But that's not right, is it? - I don't know what you are getting at, I'm sorry.

[The Company] doesn't own the property, does it? Yourself and your wife own the property? - Right, that's it.

MR BLOCK: Sorry, I think you said `Right, that's it'. Is that what you answered? - It was a question if the freehold -

MR BLOCK: The question is quite simple. Is that statement in the balance sheet right or wrong? Is it right or wrong that [the Company] owns freehold land at cost? What do you think? - I don't know. I honestly don't know. If that's what it says there, obviously that's what you are getting at. If that's what it says on that piece of paper.

MS ZAKOS: That's not right, is it? - I don't know. Is it?

You should know Mr [Wilson]. Who purchased the property? -''

7. It should be noted at this juncture that the Respondent accepted that the dwelling was separately paid for by the Wilsons out of their own moneys. There was some discussion as to this aspect; however, the Tribunal is prepared, the Respondent having made this concession, to accept that this is so, and accordingly the property, with which the Tribunal is concerned for the purpose of these objection decisions is, for the most part, the property as previously defined and thus excluding the dwelling.

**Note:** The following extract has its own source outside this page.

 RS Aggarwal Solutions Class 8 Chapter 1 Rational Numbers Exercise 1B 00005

8. It follows, of course, from the fact that the Company was the borrower from the Bank whereas the Wilsons purchased the property that the Company (having obtained the finance from the Bank) must be taken to have on-lent a part of the relevant moneys to the Wilsons to enable them to complete the purchase of the property; the amount on-lent was (as appears from page 72 of the FBT T Documents) $243,300. The loan so arising did not bear interest, and gave rise, so the Respondent contends, to loan fringe benefits.

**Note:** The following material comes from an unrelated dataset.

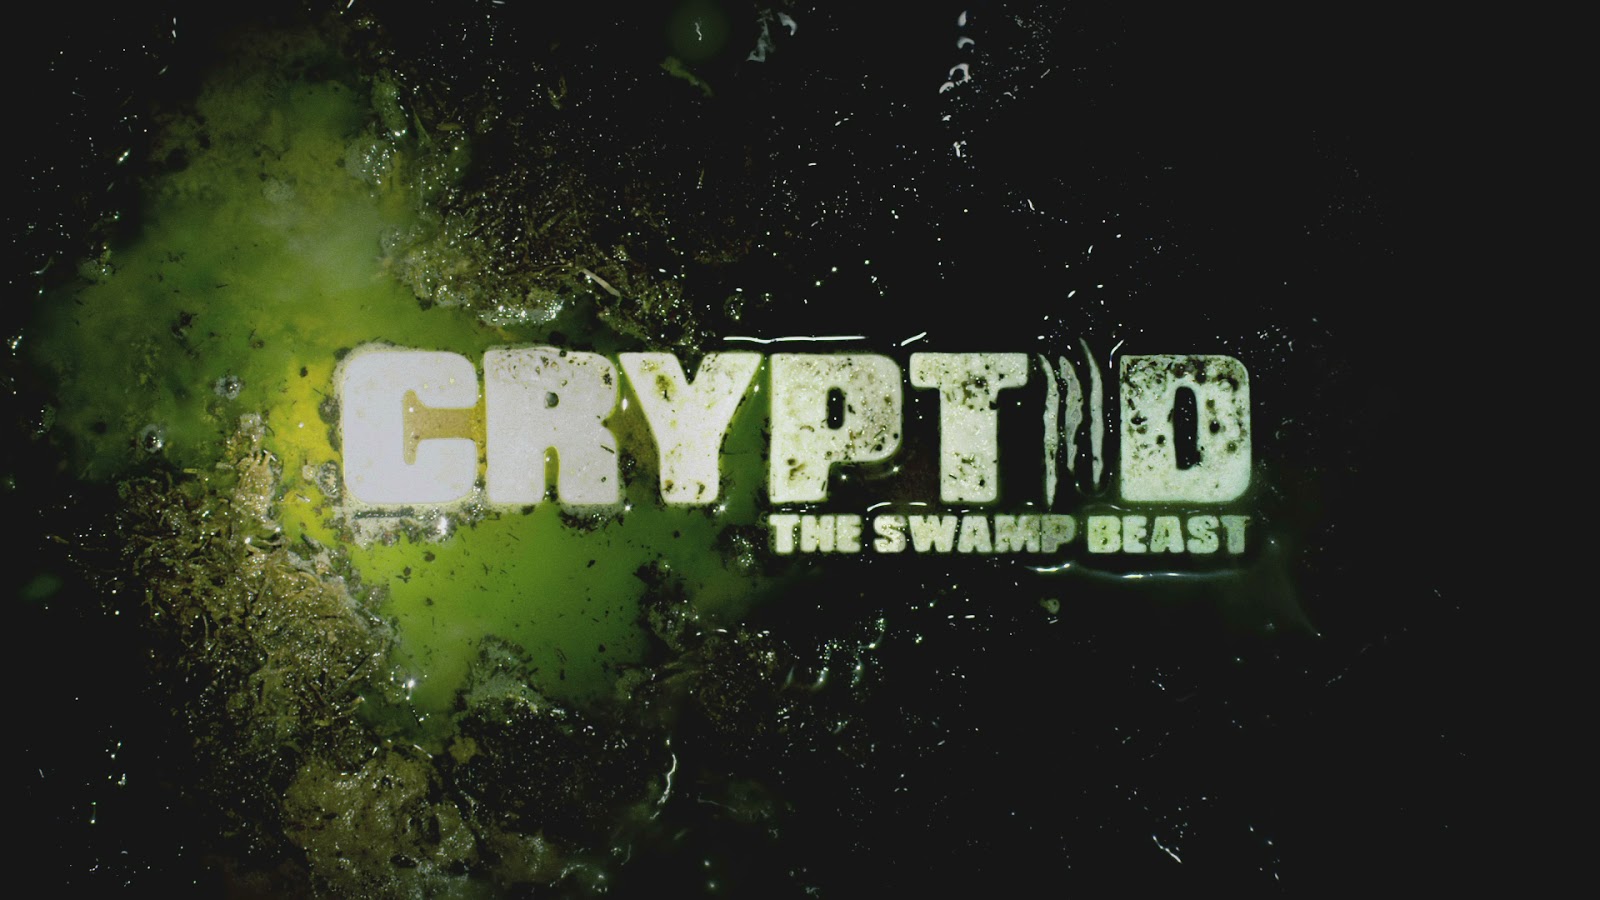 The History Channel's CRYPTID: THE SWAMP BEAST

9. (a) Oral evidence was also given by French. It will be recalled that he was also the accountant for the Olivers. It was he who furnished the detailed capital gains tax evidence previously referred to. It was also he who prepared the 1993 accounts for the Company which erroneously reflected the property as belonging to the Company. That erroneous error had the inevitable effect that the entries as regards loan accounts referable to the Wilsons were equally inaccurate. Similarly and for the same reason, those accounts were incorrect in that they reflected the vendor finance provided by the Olivers as a liability of the company.

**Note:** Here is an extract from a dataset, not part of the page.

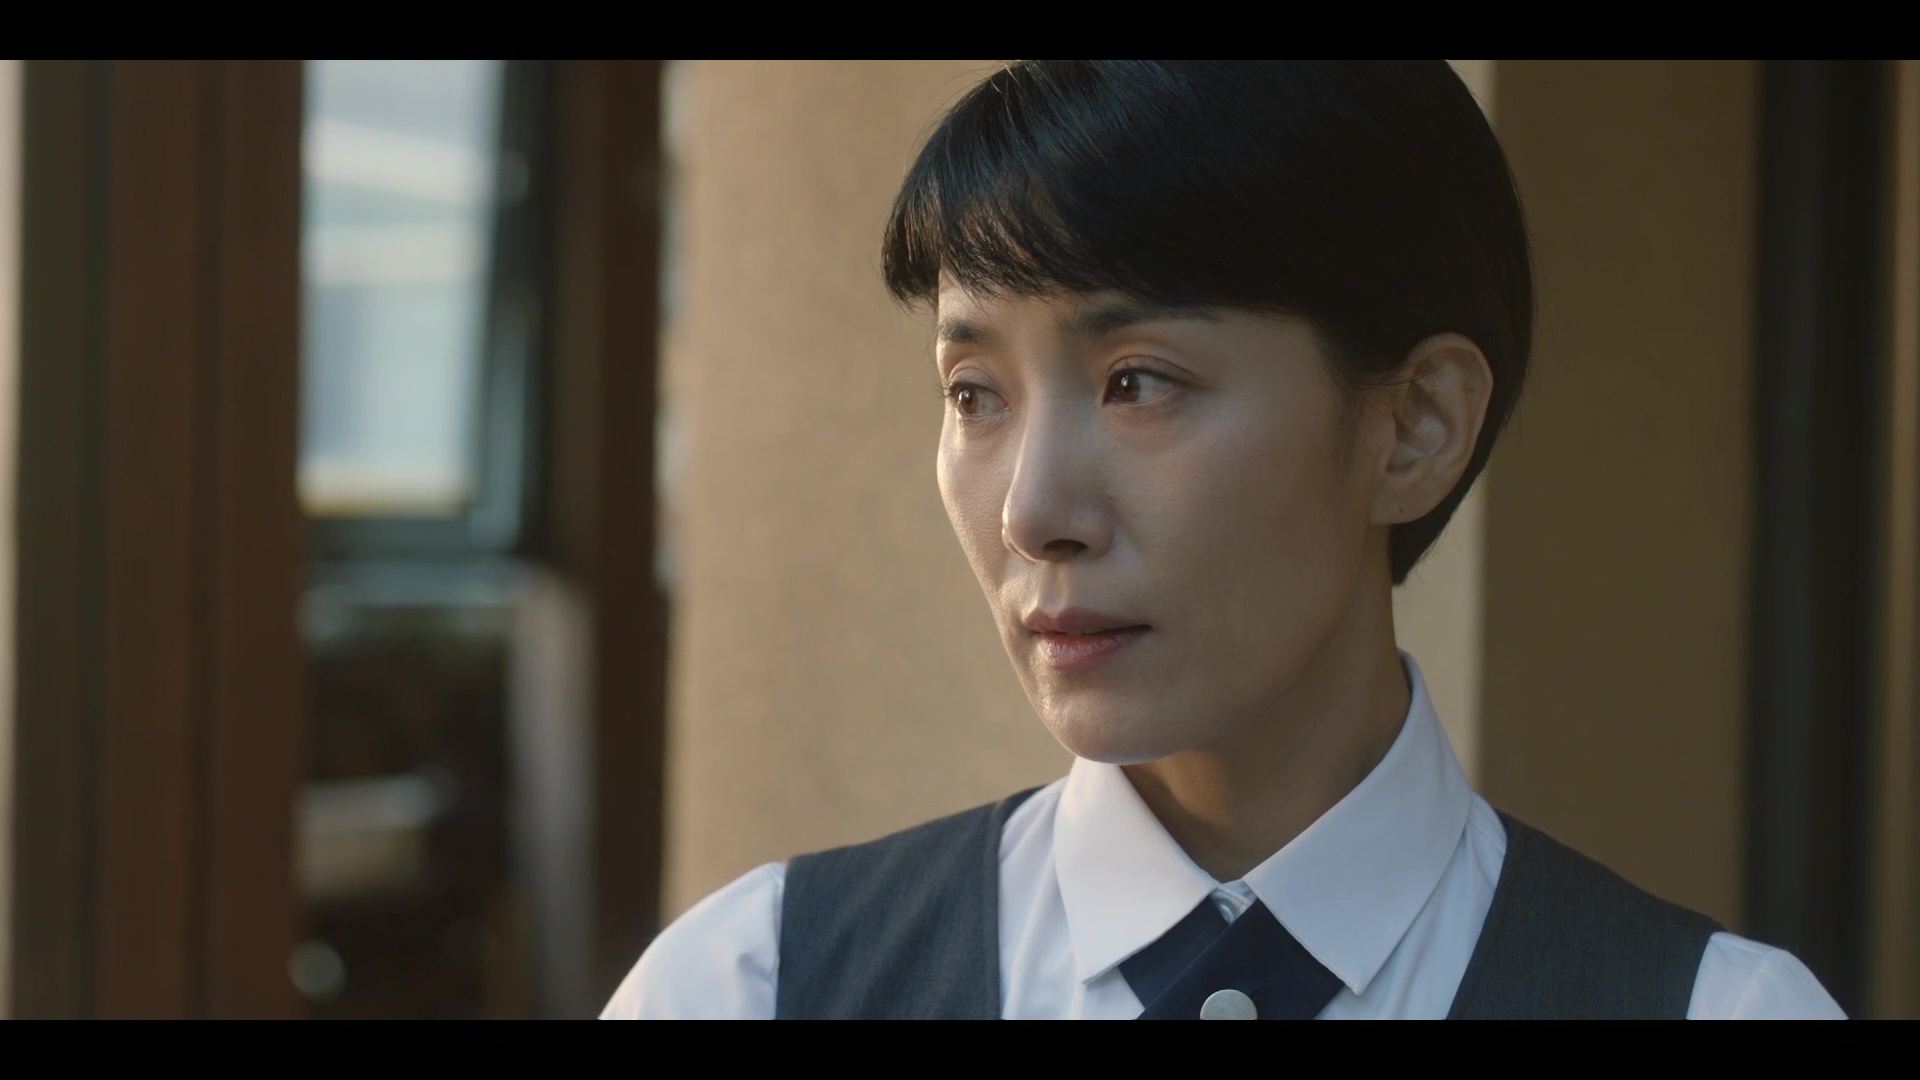 Paper Moon: Episode 1 (First Impressions)

(b) French said in evidence that he was unaware of the fact that the whole property was held under one title; the Tribunal doubts whether this can be correct.

(c) But perhaps even more surprising is the fact that French, having become aware of the true position, nevertheless drew the Company's accounts for the years ended June 1994 and June 1995 in exactly the same way and containing exactly the same errors. He sought to explain this aspect firstly on the basis that the accounts were expressed to be unaudited, and secondly that they were not produced to the Respondent, who received abridged information only.

(d) French said that he also prepared tax returns for the Wilsons in accordance with information they provided.

(e) And there were other accounting errors:

10. It is fair to say that the Wilsons apparently treated the Company as if they and the Company were a single entity. In economic terms this was not a surprising approach; they were, after all, the only shareholders in and directors of the Company. This said, it does not excuse the fact that records were incorrectly or inadequately maintained, that the Company claimed for expenses which were expenses of the Wilsons, and that sales proceeds were banked to Wilson's own account instead of that of the Company. However, that they did not contemplate charging the Company rent and also the fact that their wages in the first years were minimal is not surprising having regard to the financial position of the Company at the time. In the first year after the business was acquired, they received $20,000 in aggregate as salary and the aggregate amount received in the second year was not much more.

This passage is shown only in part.